The Clippers will look to revamp the team with “better depth,” but I need to stress this: the Clippers roster was awesome. They had Powell, who probably wins Sixth Man of the Year if fully healthy. Zubac is nothing special, but is solidly a top-15 center. Westbrook played well (!!!) and helped them win. Mann may have made the biggest leap on the team and looks like a real contributor.

They added a real backup center in Plumlee and a promising firebug guard in Hyland. They had Robert Covington as a small-ball option that they never, I repeat, never went to in a series against a Phoenix team that struggled vs. small-ball teams.

The Clippers should have been better.

When you face that reality, usually, the answer lies with a coach. Lue had a bad season. That doesn’t mean Lue isn’t a good coach — though the conversations about him being the best coach in the NBA last season were absurd. Good coaches have bad seasons.

But the problem wasn’t Lue. It wasn’t the supporting cast.

It’s that their entire team is built around two players who are unavailable.

If Jamal Murray misses a game, the Nuggets run through Nikola Jokic. If Jokic sits out a game, the Nuggets miss their focal point but can at least run pick-and-roll with Murray.

If Kevin Durant is out, Chris Paul and Devin Booker can run constant pick-and-rolls with DeAndre Ayton. If Paul or Booker miss time, well, it’s Durant iso time.

The Clippers don’t have go-tos. They don’t have redundancy. They don’t have a Plan B.

It’s just, “Welp, hope Kawhi and/or PG are healthy!”

Unfortunately, that formula only works if your guy is a monster who is always available or if you have a stable redundancy plan, a player that’s maybe not as good but able to lead in the absence of the best player.

Instead, the Clippers have two 1a’s, both of which have injury issues.

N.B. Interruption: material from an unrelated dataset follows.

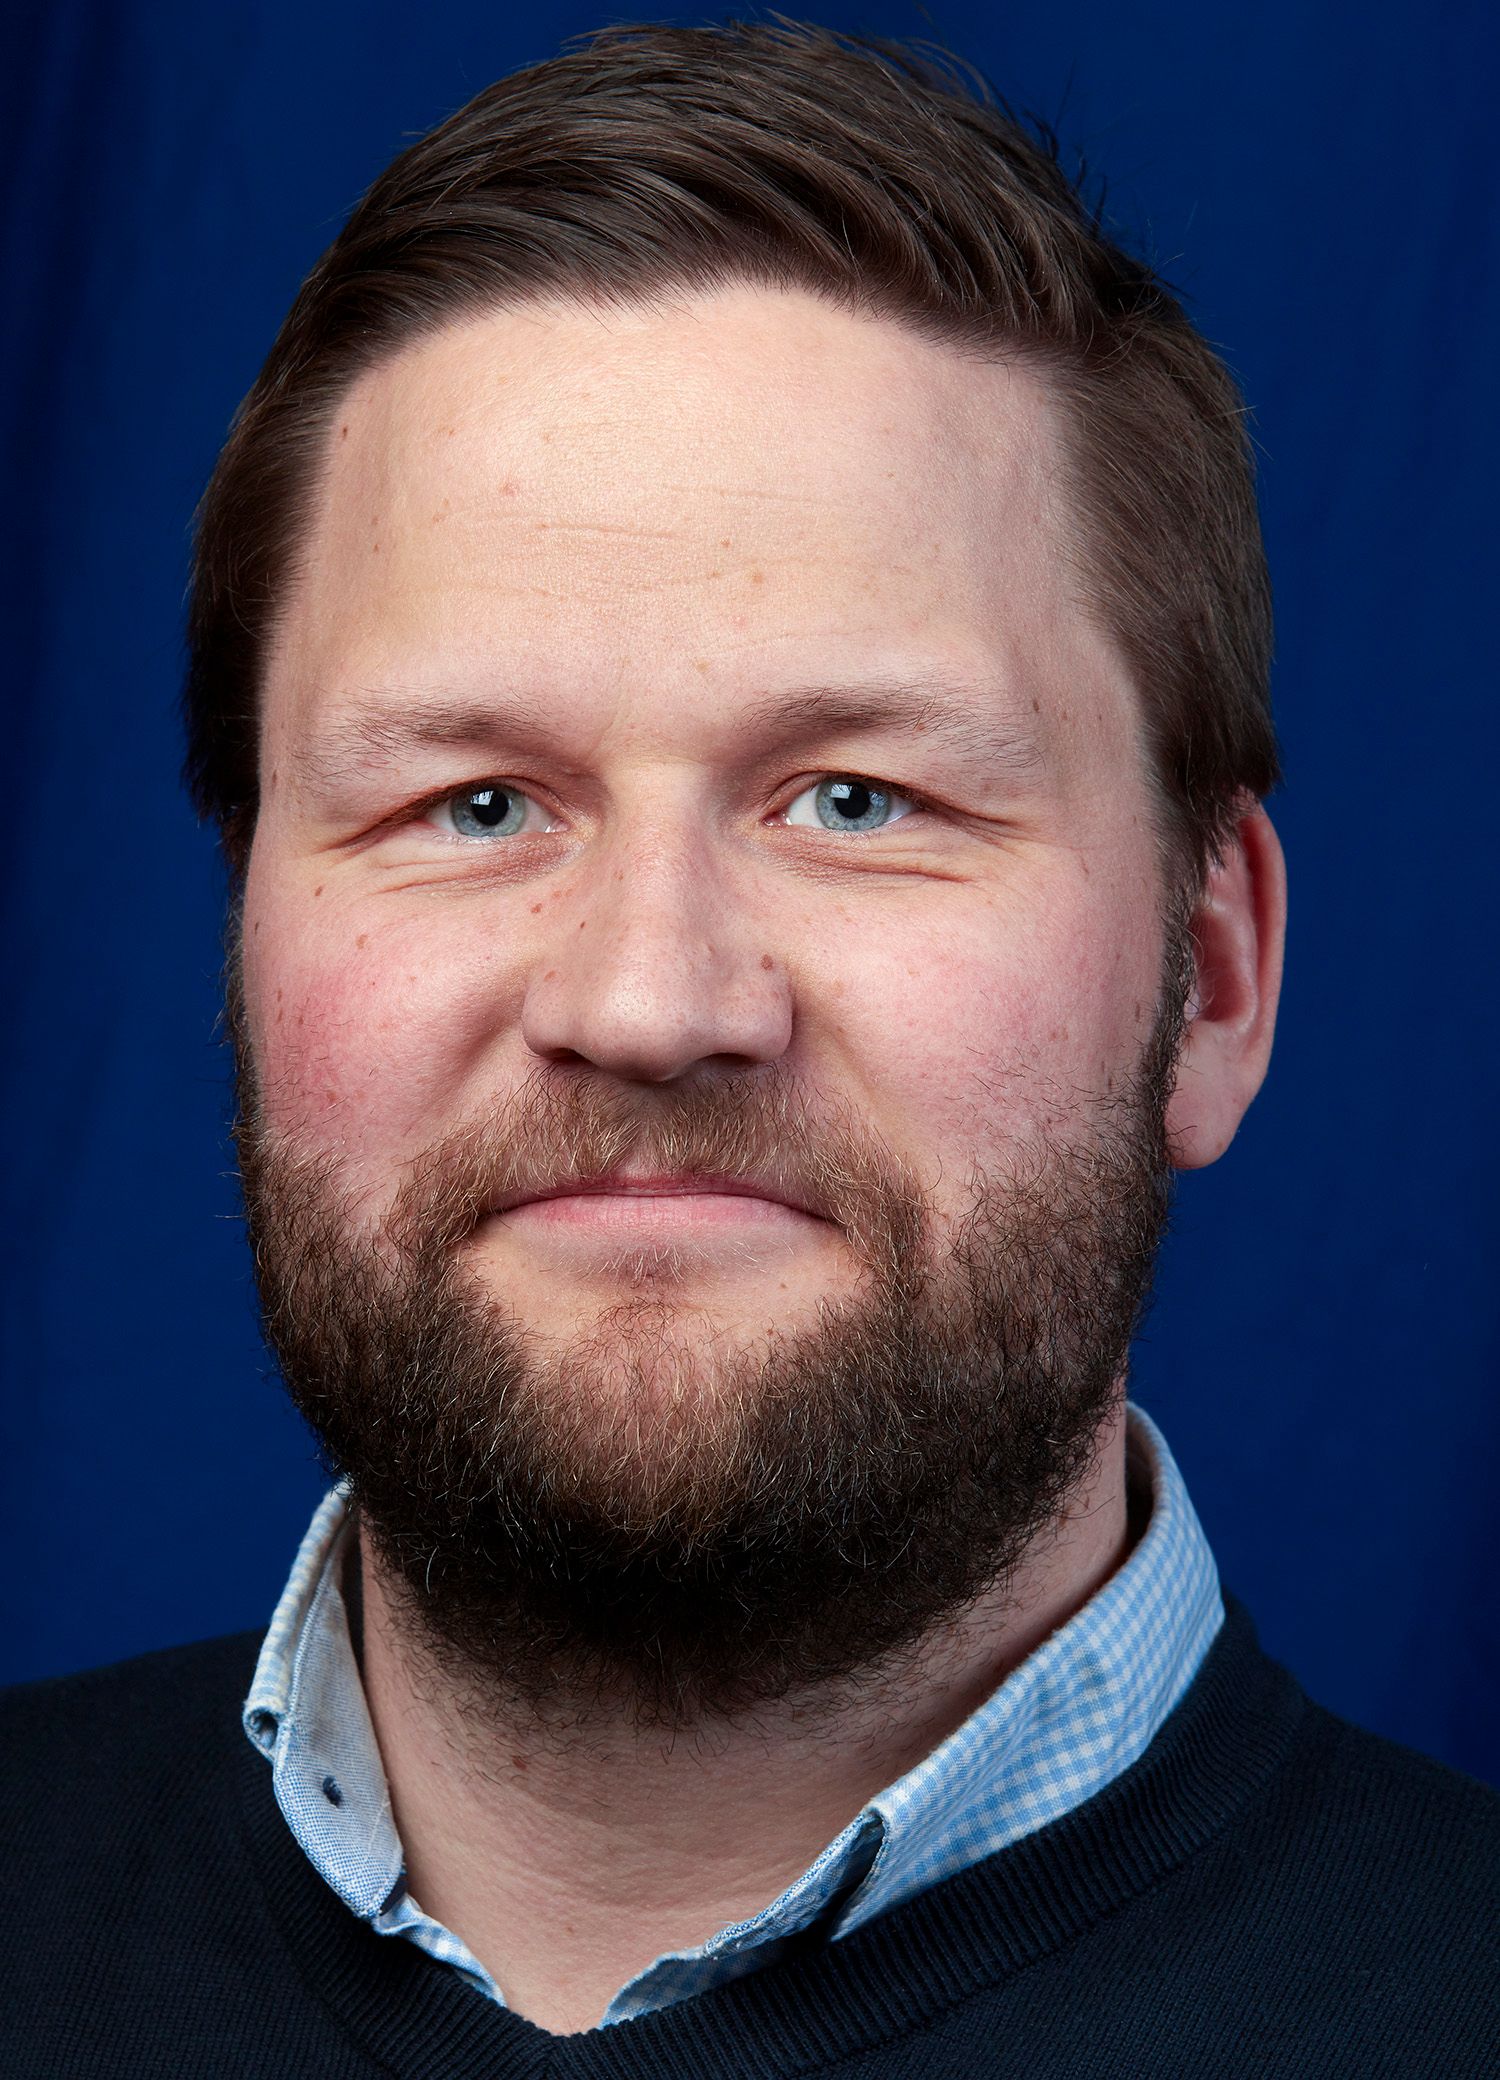 Jon-Steinar Sjøvik Hanstad, teknisk direktør i Nelfo. Foto: John Petter Reinertsen

This is part of the modern NBA. You have to be able to win without your best guys, at least enough to get you through. But even if the Clippers had made it to the playoffs in better shape, it wouldn’t have mattered.

Trading George should be — but likely will not be — a real consideration. George has been more available than Leonard overall, but that’s not saying much. But Leonard is obviously the franchise.

Trading Leonard without getting a less injury prone star to hold things down doesn’t really help. Trading Leonard moves you further from contention. There’s no good answer.

So, the Clippers will run it back. And hope.

There’s no good answer. Head of basketball operations Lawrence Frank seemed to suggest a shift in philosophy in his press conference on Thursday.

“We have to be honest with ourselves,” Frank said. “We have to look in the mirror. It starts with me. We have to get back to honoring and respecting the regular season.

“The regular season matters. Not that our guys don’t think it matters. I think all of us, starting with me, we can compete harder every single day. We can hold each other accountable every day.”

At this point, the Clippers are going to have to prove that to everyone. This is what makes the situation tough to figure out:

  • The Clippers have been injury cautious in the regular season, and it’s cost them team momentum, wins, seeding, homecourt  and put more stress on everyone.
  • The stars got hurt anyway.

Should they be less cautious? Does that make sense? Should they just bubble-wrap Kawhi and PG for the season and hope they can figure it out in March like the Suns?

The end of this winds up with the same thing that has been true of the Clippers, unfortunately, since their move from San Diego:

There are no good answers. Only more questions.